The bill for an act to amend the University Teaching Hospitals in the House of Representatives has continued to pit stakeholders in Nigeria’s health sector against each other.
However, Its public hearing, which was delayed until July 27, is already rife with disagreements regarding administrative titles and competence.
The bill, sponsored by Hon. Bamidele Salam of the Ede North/Ede South/Egbedore/Ejigbo Federal Constituency of Osun State aims to rename the position of Chief Medical Director for the head of tertiary hospitals in Nigeria and redefine the requirements for that position.
It also seeks to provide a definite tenure of office for the heads of tertiary hospitals; including students of Health Sciences in the training programmes of tertiary hospitals; include hospitals established post-enactment of the extant legal framework in the schedule and for other related matters; restructure the composition of the governing boards of the federal government tertiary hospitals, among others.
By implication, any health professional, including pharmacists, laboratory technicians, nurses, and others can now head teaching and tertiary hospitals—as opposed to the current hierarchy that medical doctors occupy.
“All well-meaning Nigerians who wish our health sector well should distance themselves from the proposed amendment, and the bill should be jettisoned in its entirety,” said the Secretary-General of the Association of Provosts of Colleges of Medicine, Prof Lawrence Omo-Agboja.
“Have you seen where nurses and pharmacists are consulting? Let’s even see if pharmacists will enter where another pharmacist is consulting. Will you go to a hospital where a pharmacist or a laboratory scientist is consulting? Omo-Agboja said.

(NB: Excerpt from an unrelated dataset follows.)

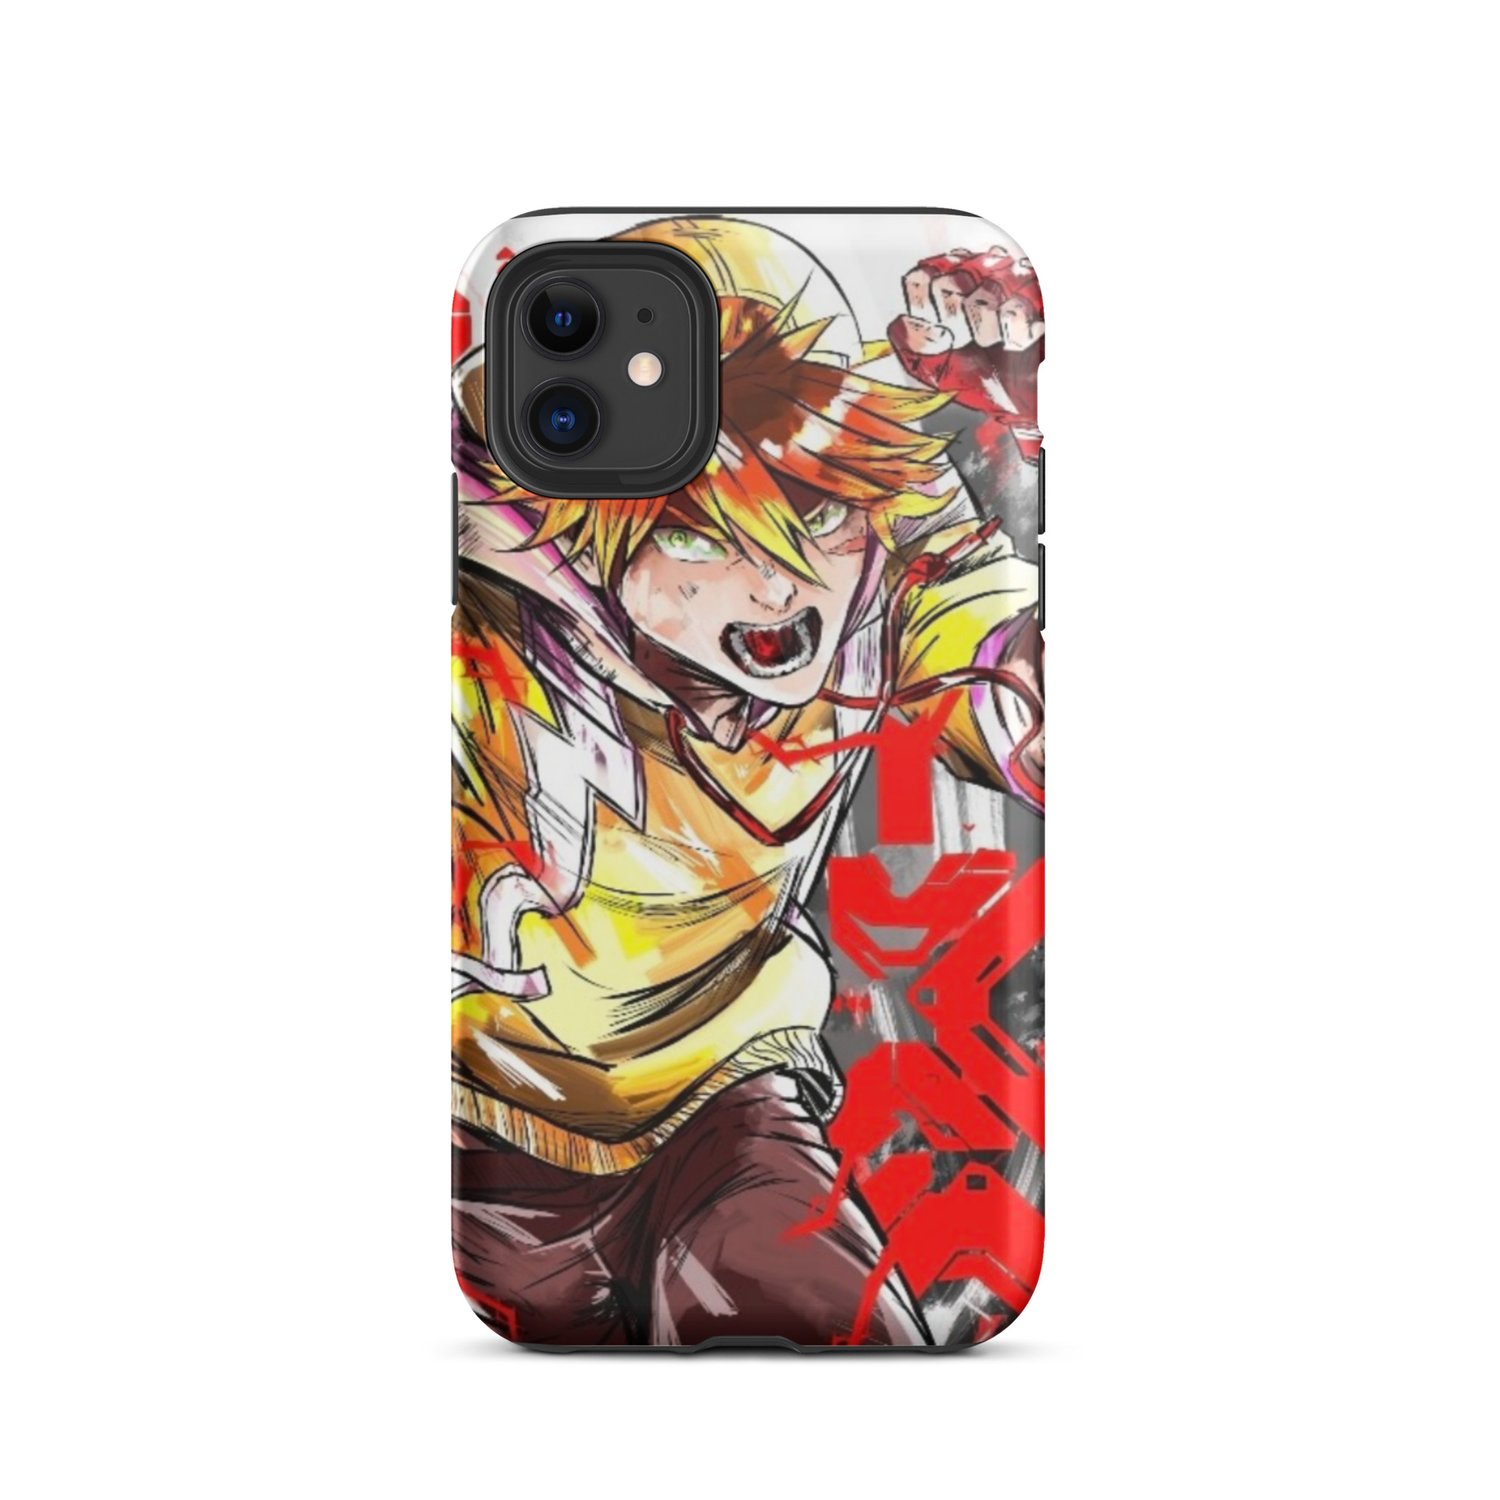 Cool Anime Phone Cases: Protect Your Phone in Style and Showcase Your Fandom

According to him, such an arrangement is like people walking on their heads, and the proposed amendment is founded on the wrong premise and context.

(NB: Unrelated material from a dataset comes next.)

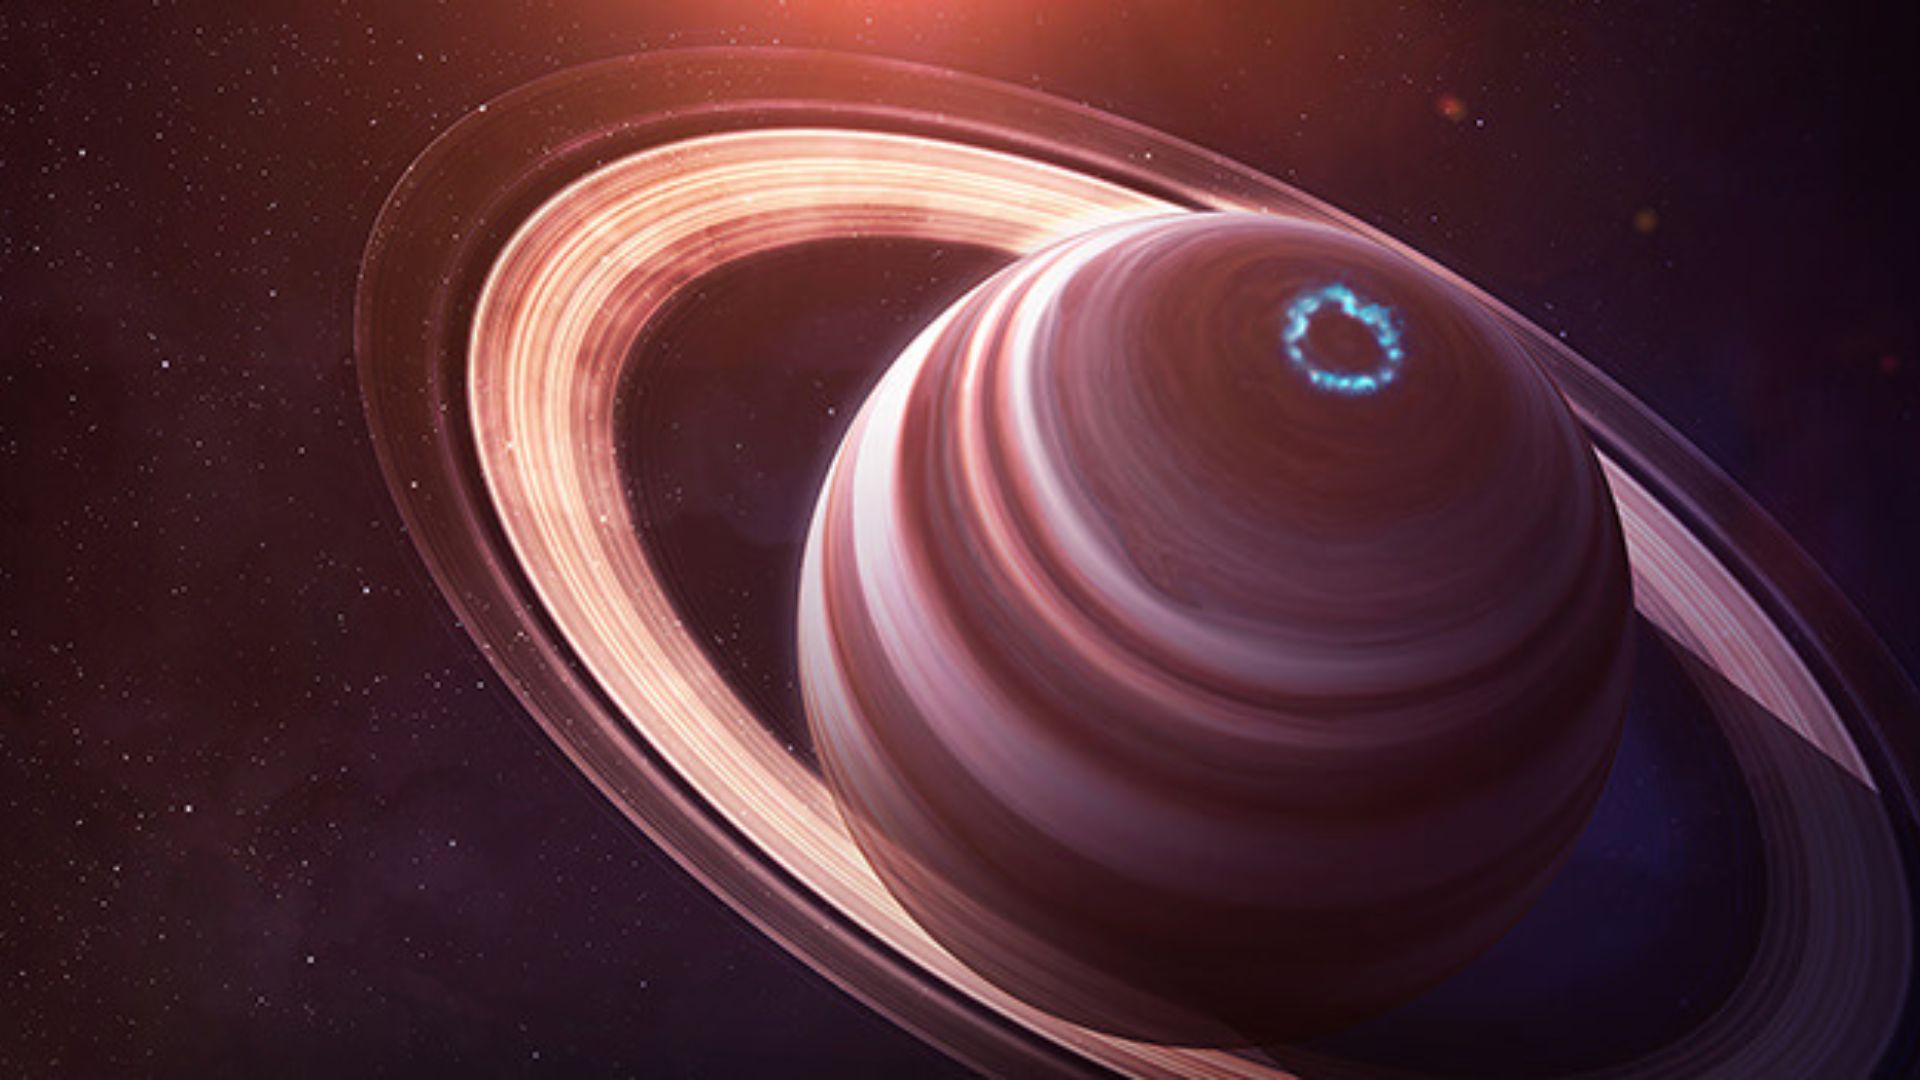 Saturn Planet with a circle blue path in its northern hemisphere

“Pharmacists are also made to develop vaccines, why can’t they develop vaccines?
“Rather than develop the pharmaceutical industry, they want to be doctors by default,” he added.
However, he warned that if Nigeria continues to do what they like, it can destroy the health sector.

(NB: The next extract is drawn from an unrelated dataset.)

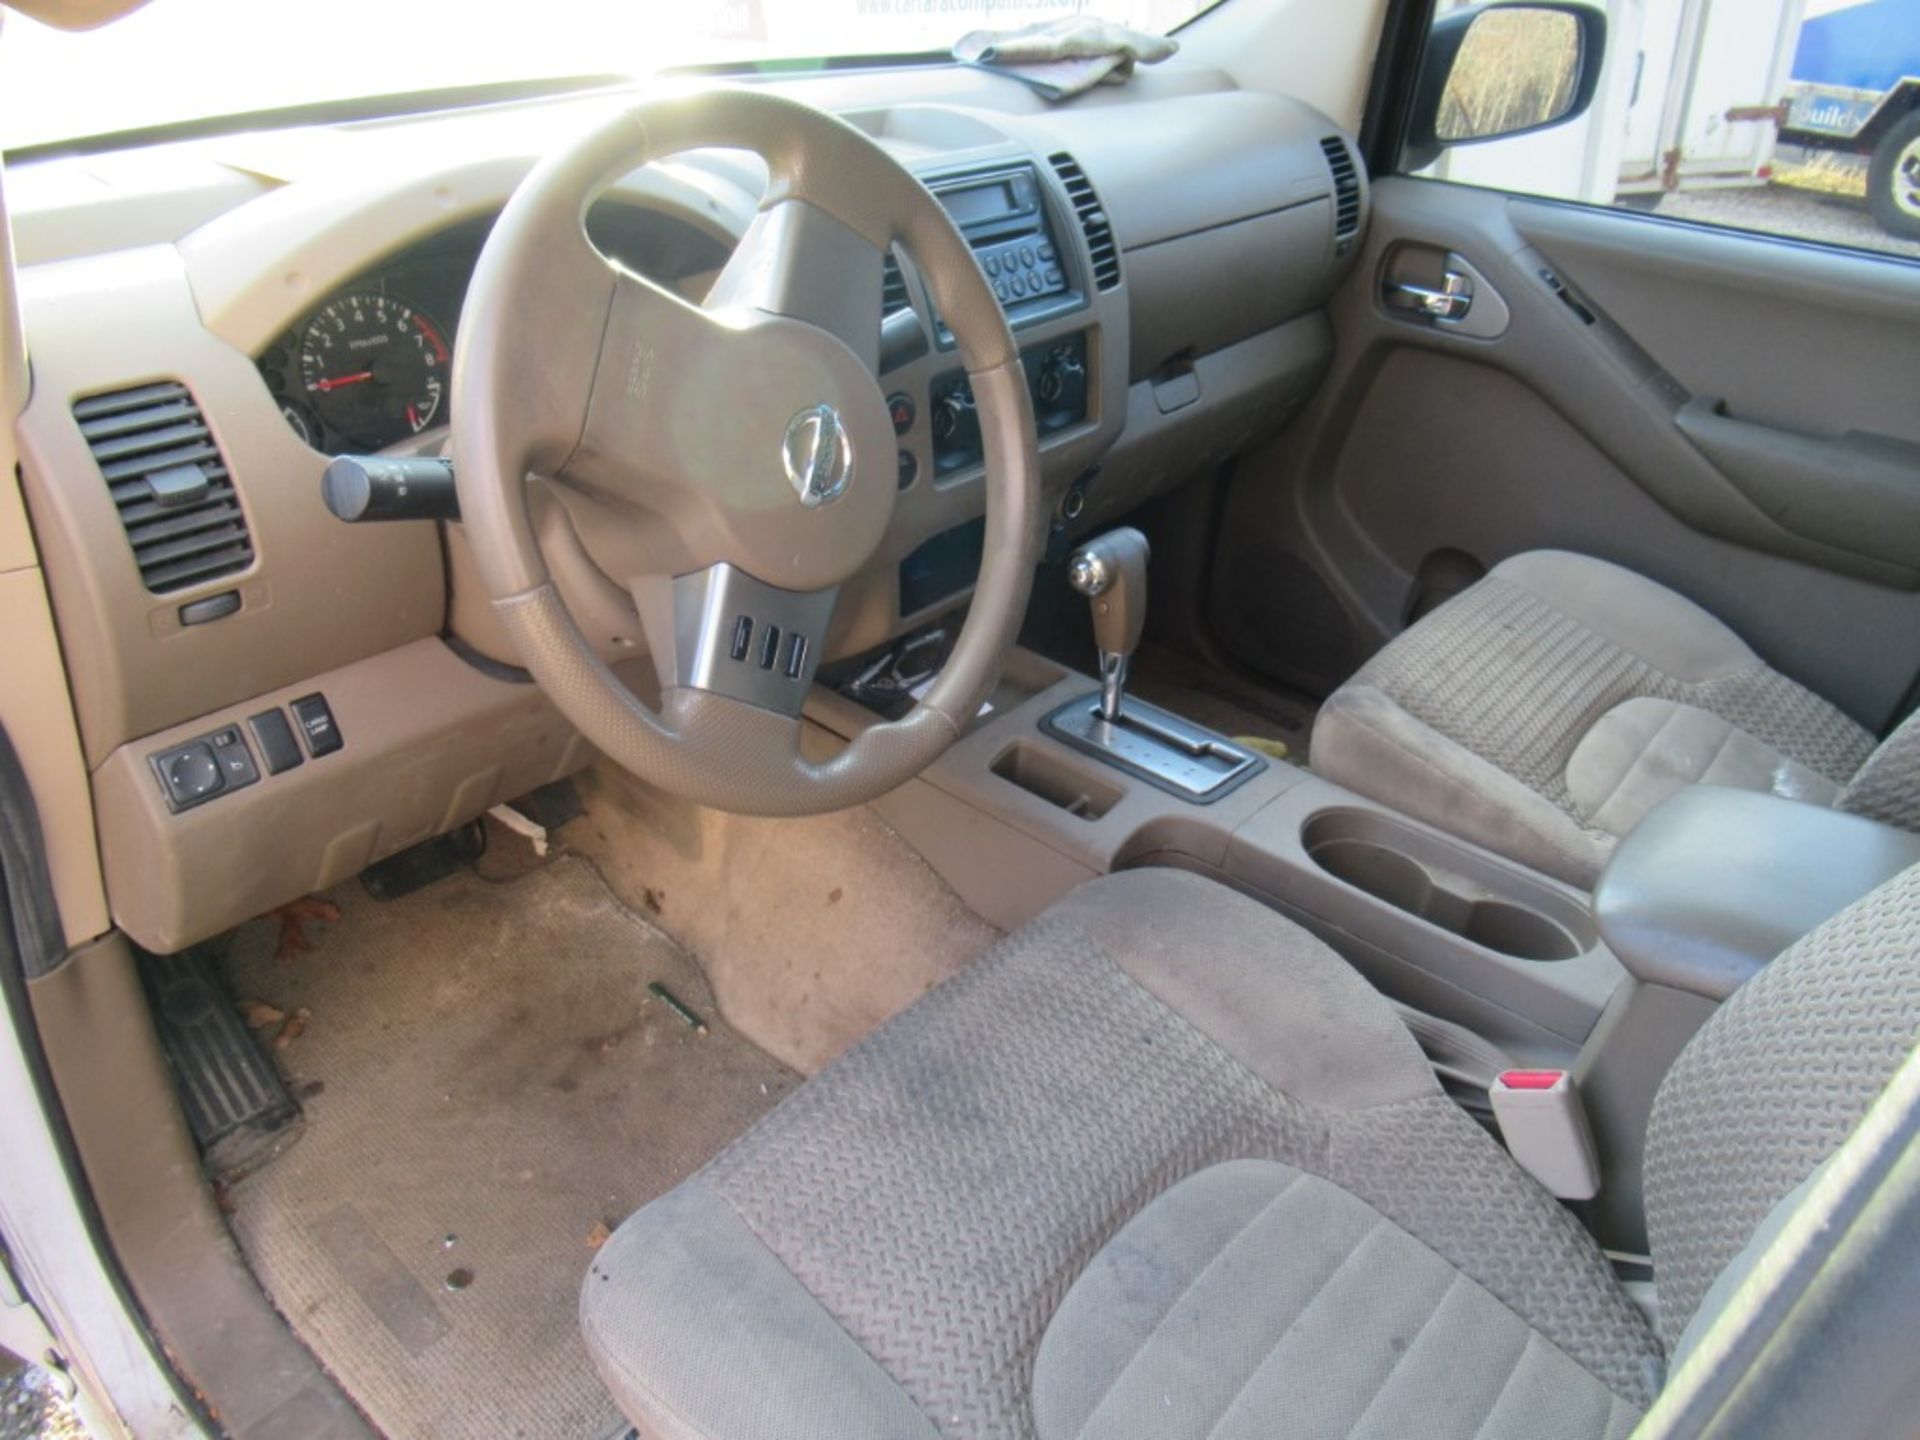 Wrecked 2005 Nissan Frontier Pickup, VIN 1NGAD06U05C427927, Extended Cab, Automatic, Cruise Control, - Image 15 of 20

Similarly, the president of the Nigerian Medical Association, Uche Ojinmah said the association rejects the bill in its entirety.
“But we may not also go into the elaborate discussion until we finish presenting our position at the public hearing. It was meant to be July 6 but we postponed it to July 27,” he said.
However, On the other side are the pharmaceutical professionals and others rooting for the bill, and pushing their agenda, too.